§ Recorded data:
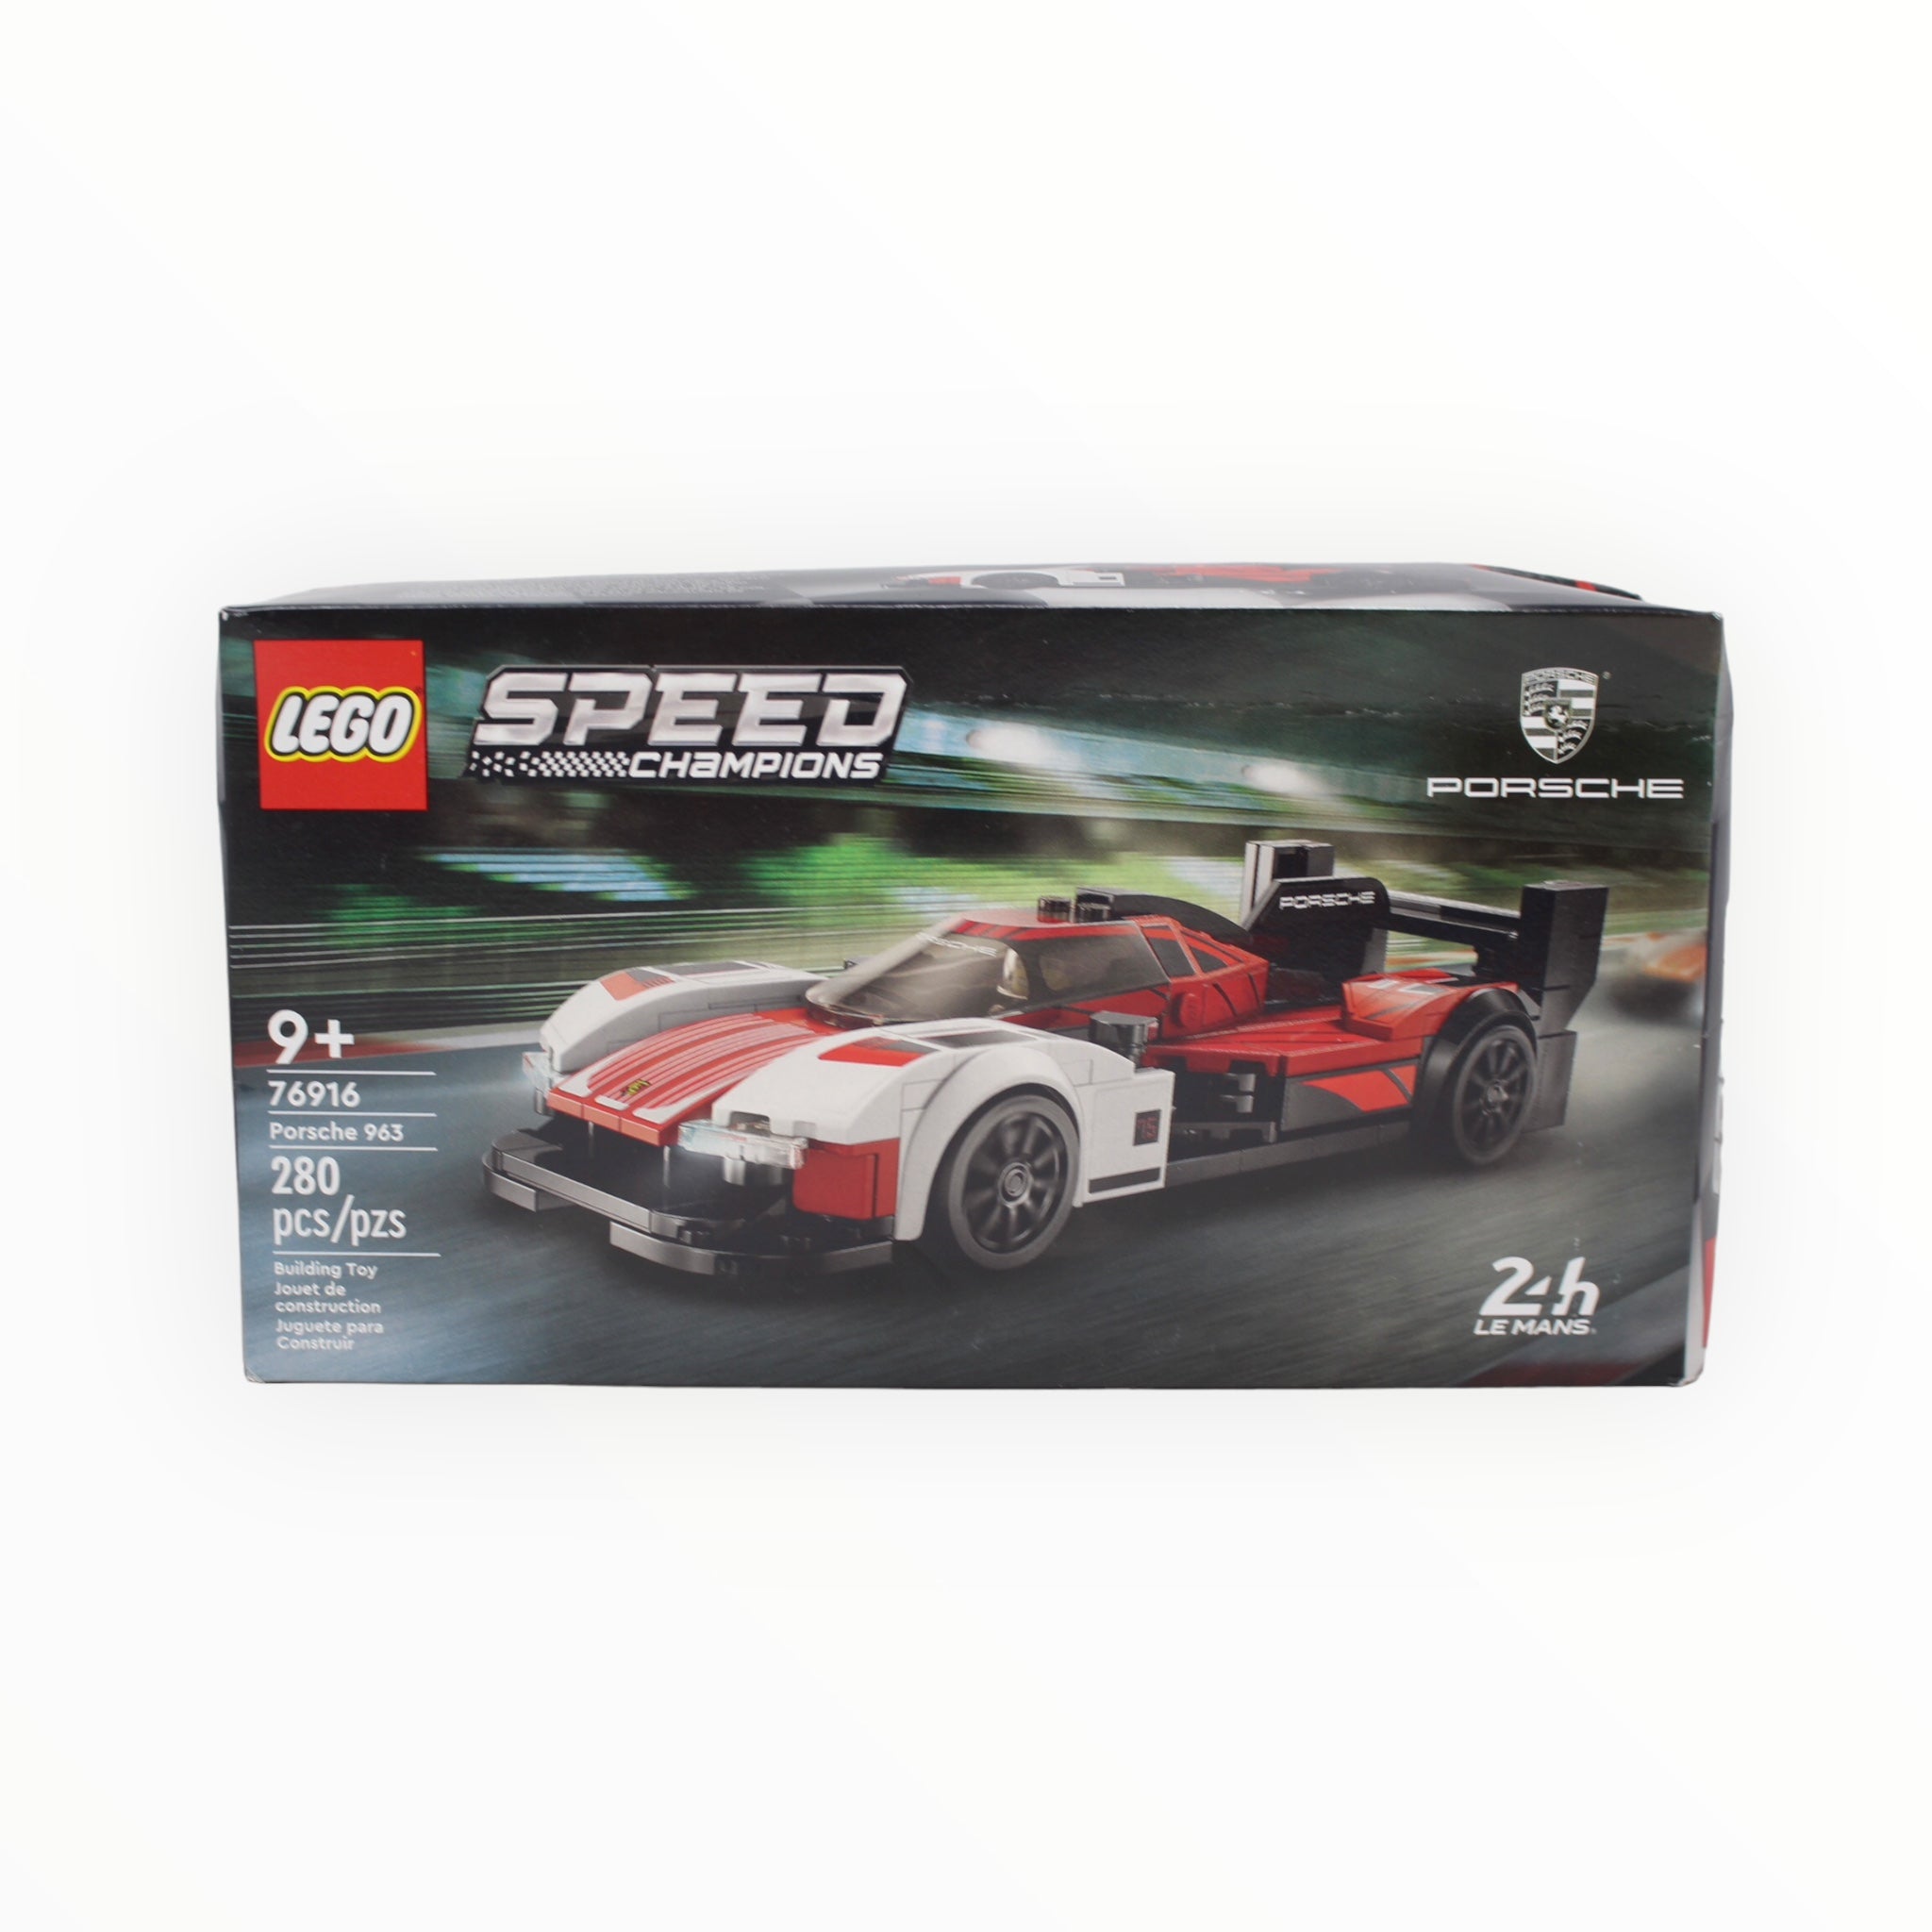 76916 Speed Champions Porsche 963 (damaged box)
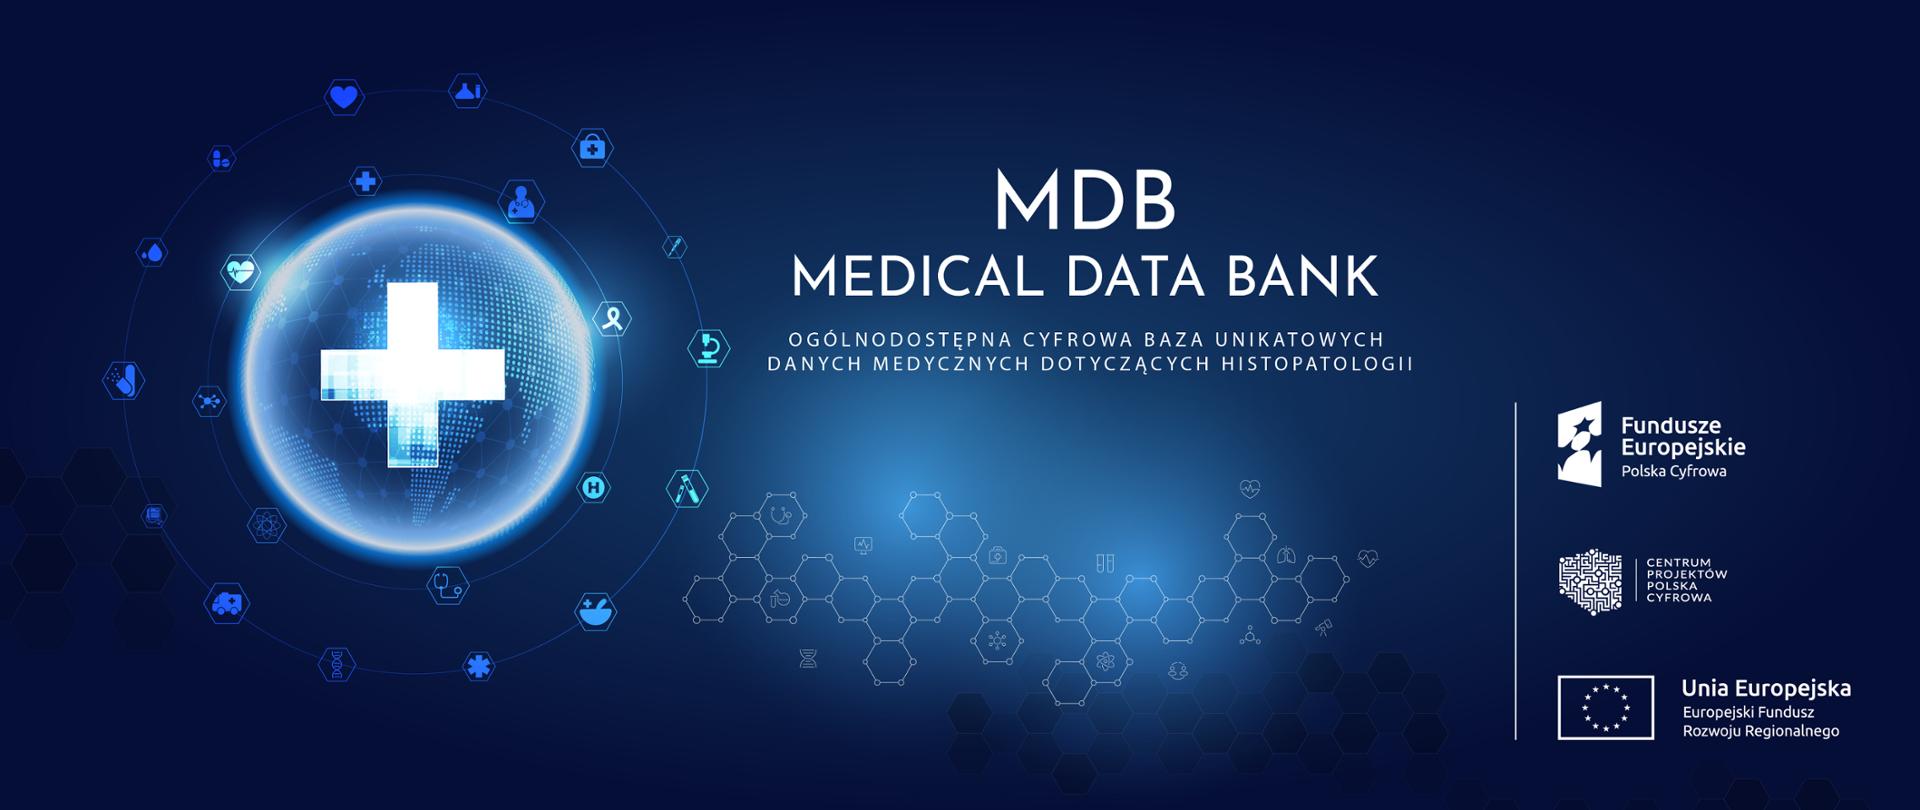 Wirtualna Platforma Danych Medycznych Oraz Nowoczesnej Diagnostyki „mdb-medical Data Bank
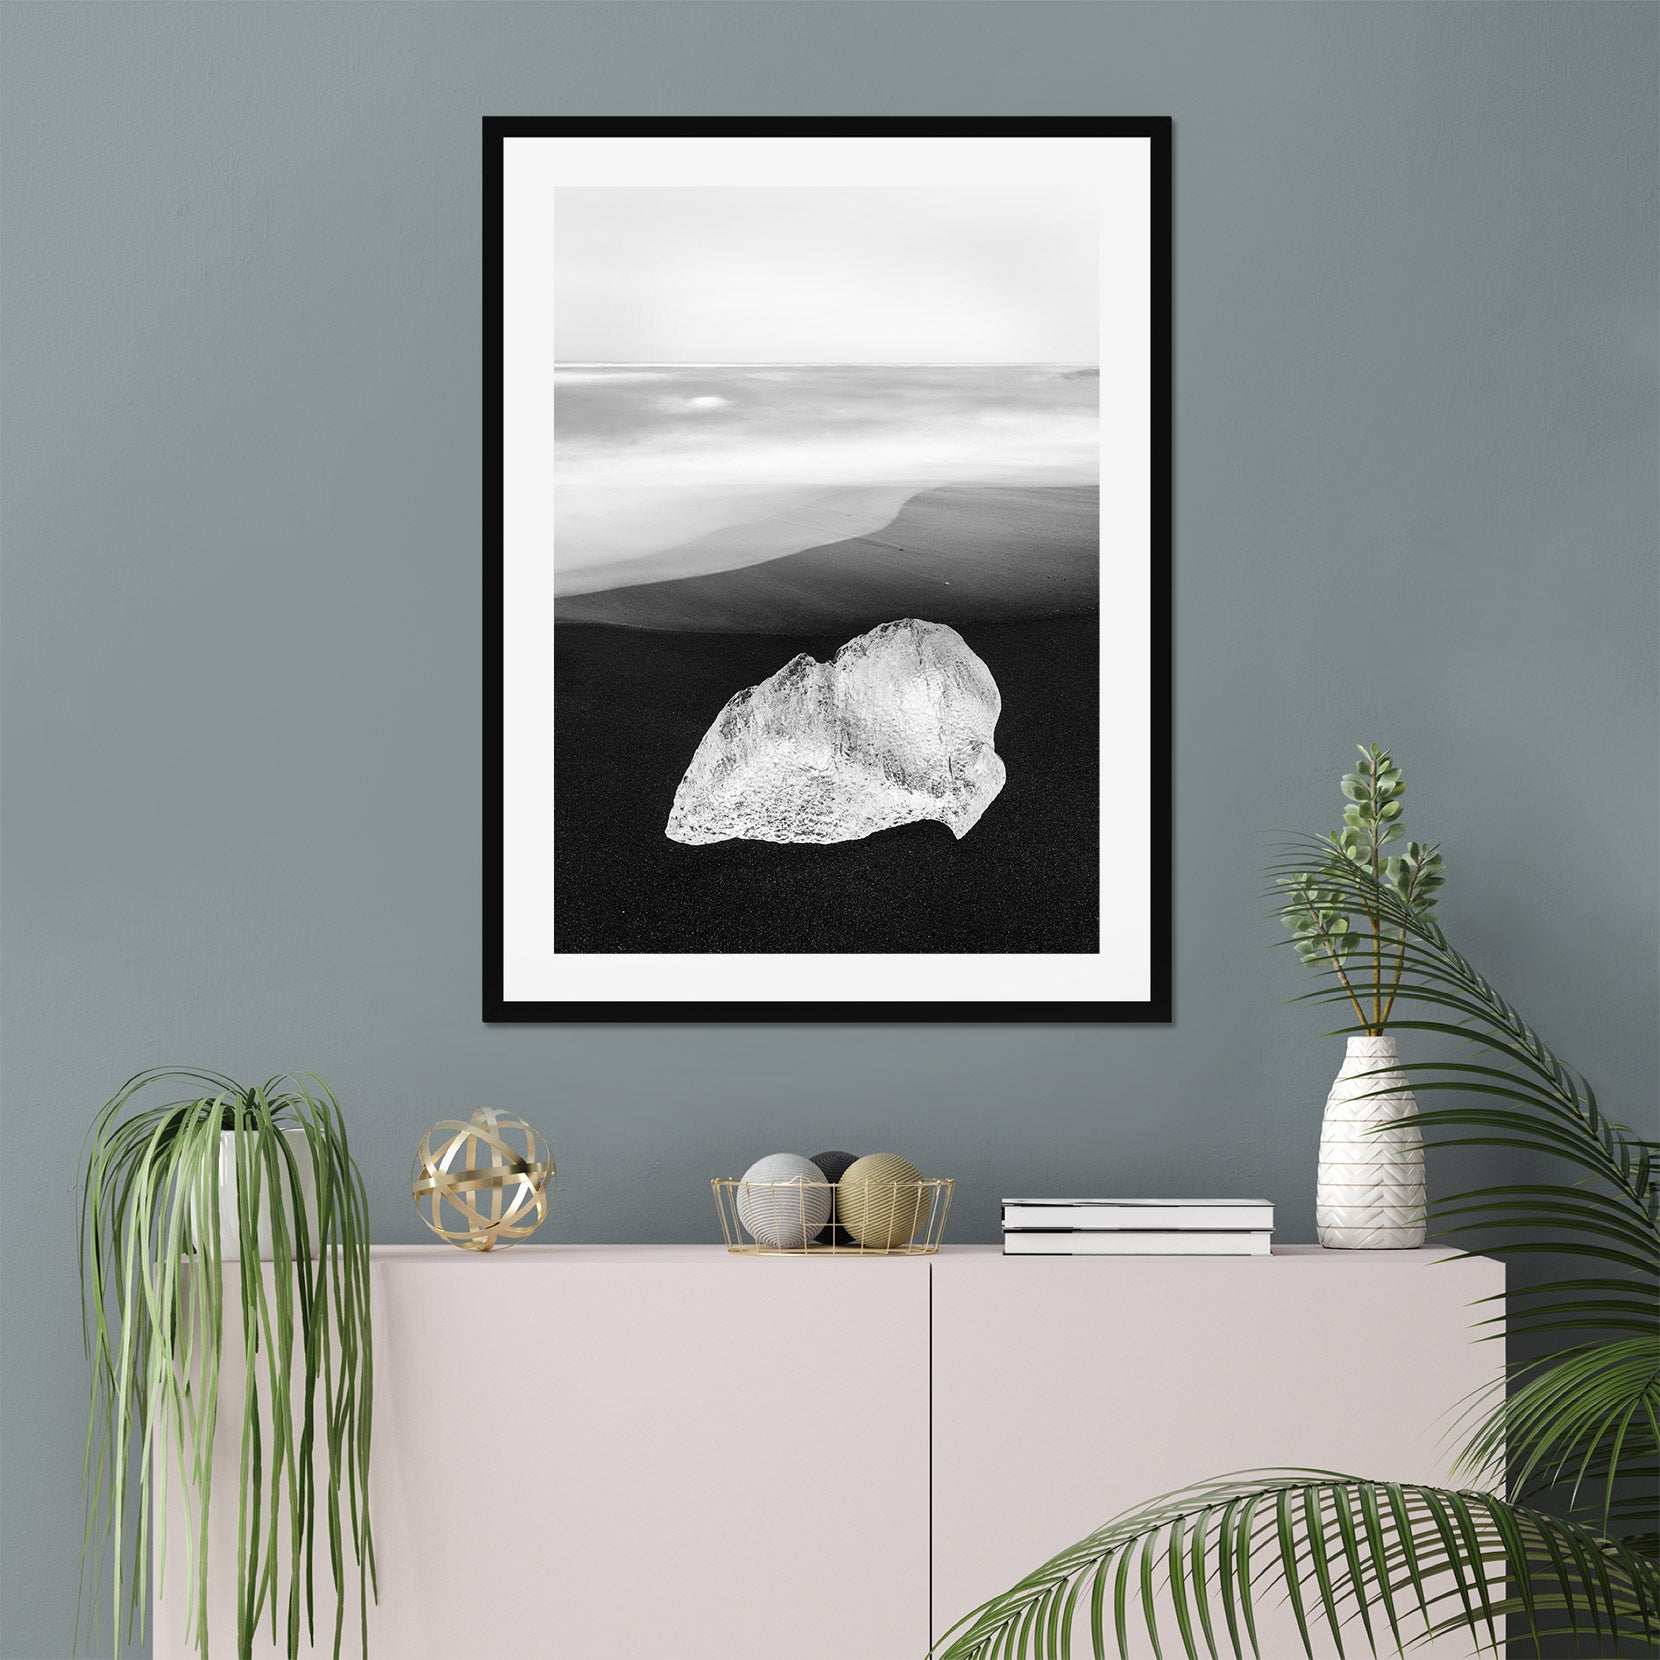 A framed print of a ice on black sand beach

§ Problem details: Drop the images and copy all the data exactly.

§ Solved problem:
 76916 Speed Champions Porsche 963 (damaged box)
 Wirtualna Platforma Danych Medycznych Oraz Nowoczesnej Diagnostyki „mdb-medical Data Bank
 A framed print of a ice on black sand beach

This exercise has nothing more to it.